Non-Billable Follow-Up Activities
Follow-up activities may include both billable and non-billable activities.
These include activities between billable follow-up visits made to assist in addressing the client’s needs. They may include collateral contacts with the following entities:
- Medical and behavioral health providers
- Government agencies
- Community resources
- Schools
- MCOs
- DME providers
- Medical Transportation Program (MTP)
Some of these collateral contacts can also occur during a billable visit with the client, parent or guardian present and you modeling what questions to ask and how to access resources.
All non-billable activities must be documented in progress notes or, if made during a follow-up visit, must be documented on the follow-up visit form.
Follow-Up Visit Documentation
- Each need should be bulleted.
- Each need should document the current status and actions taken or needed.
- Each follow-up visit should be individualized.
- The time between each follow-up visit should be reasonable and based upon the urgency of the needs. Please review Adam’s second follow-up visit in the Complete Case Record section.

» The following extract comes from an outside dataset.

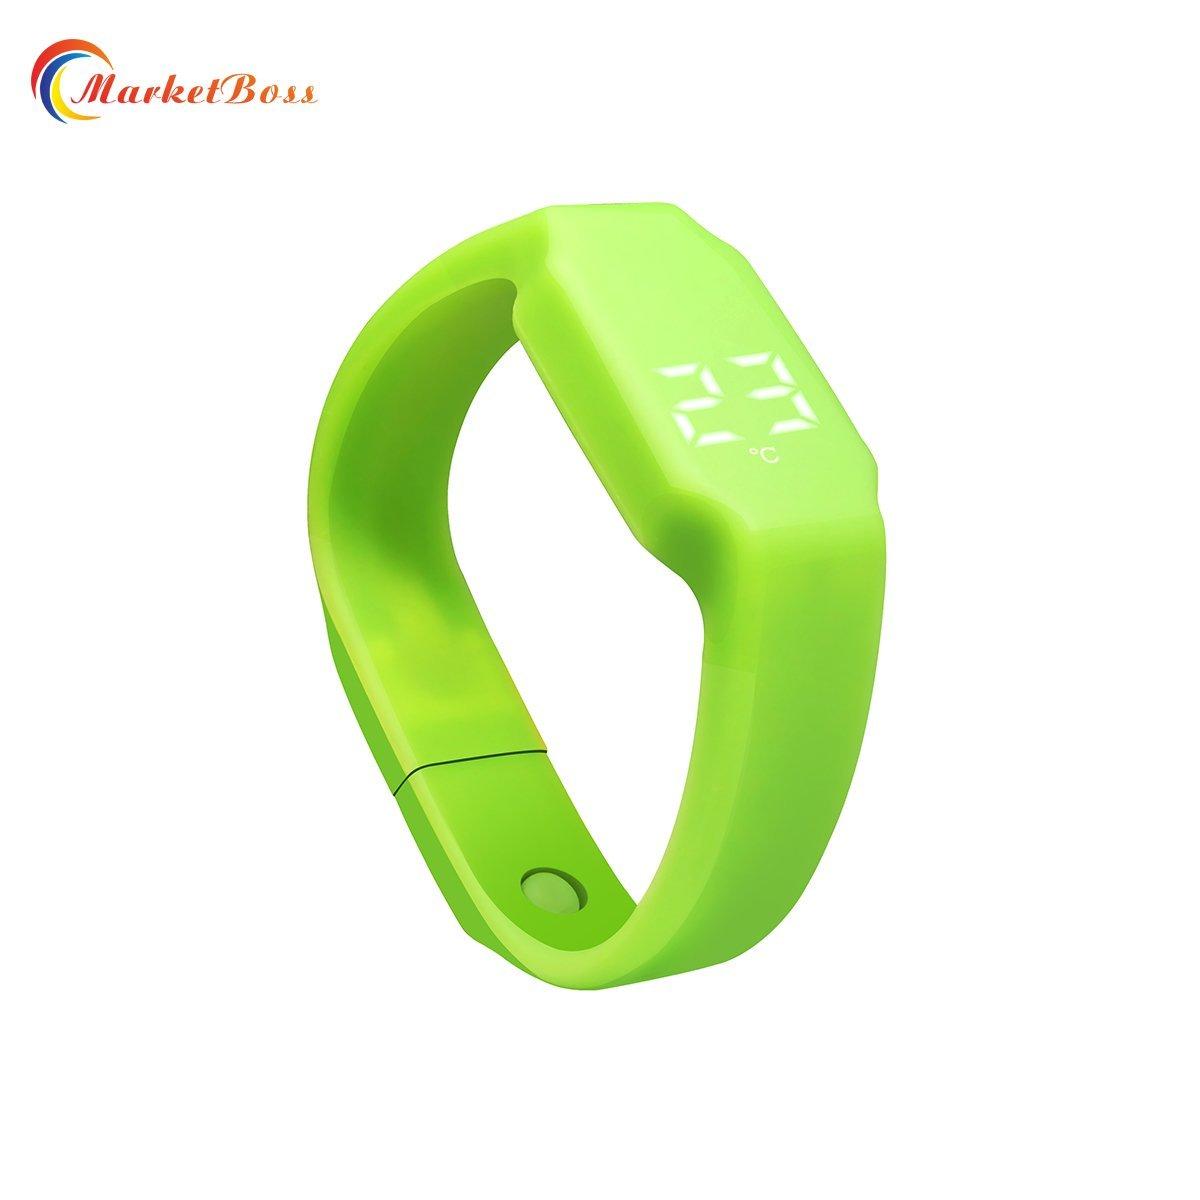 MarketBoss Cool Wrist Watch Support muilti-language 3D Sensor Data Collector/Time/Week/Temperature Display /pedometer/Calorie Counter/Sleep Monitor USB Port(green)

Client Status Form (CM-08)
This form should be used when you will not be seeing the client because of the reasons listed on the form; for example, that the client’s needs have all been addressed. This document could also be used when you cannot contact the client and they are lost to follow-up. You would complete this form when all visits have been used and there are no current needs.
Documentation and Progress Notes Expectations
Documentation Requirements: Medicaid Policy
All entries must:
- Be legible, dated and signed with the appropriate credentials of the case manager.
- Contain the client’s name and Medicaid number.
- Ensure that all services are clearly documented in the record to support the continued need for services.
- Include the timeframe for the next follow-up visit.
Resources
For more information about Medicaid Provider responsibilities, refer to the Texas Medicaid Provider Procedures Manual (TMPPM) at the Texas Medicaid & Healthcare Partnership (TMHP) website, tmhp.com.
Documentation Requirements: CM Rule and Policy
- Document all case management activities.
- The documentation MUST support eligibility.
- Use required HHSC forms.
- Use progress notes.
- Complete forms in the client’s preferred language (or signed by a translator or interpreter).
Keep Documentation Up To Date
Because you are a Medicaid provider, your client records are subject to audit and may be requested at any time; therefore, your documentation should be kept up to date.
How to Organize Client Records
Organizing your client records is subject to personal preference. However, the following documents must be maintained in each client record:
- Initial Prior Authorization Request (F00186) or the required process by the client's MCO
- Response to Request for Prior Authorization from TMHP or the client's MCO
- FNA (CM-02)
- Migrant Information Form (CM-02A), if applicable
- SP (CM-03)
- SP Consent (CM-03 Con Sig)
- Service Plan Addendum (CM-03)
- Follow-up Forms (CM-04)
- Case Transfer (CM-09), if applicable
- Client Status Form (CM-08)
- Prior Authorization for Additional Visits (F00187), if applicable
- Request to Change Authorization to Another CM is entered as a Change of Provider on TMHP.com, if applicable
- Progress Notes (CM-05)
- Acknowledgment and Receipt of HIPAA Notice
- Authorization to Disclose Protected Health Information (CM-12)
Note: you must produce paper copies of electronic records when requested.
Electronic Records
Avoid storing protected health information on removable media, including USB drives and other external removable media such as non-rewritable CDs.
- If it cannot be avoided, use USB devices with encryption capability.
- If you store data on a CD-R, ensure that the file is encrypted and password protected.
Record Retention
Per Medicaid policy, providers must:
- Maintain and retain all documents related to the case.
- Retain records for five years.
- Provide copies of records to any state or federal agency authorized to conduct compliance, regulatory or program integrity activities.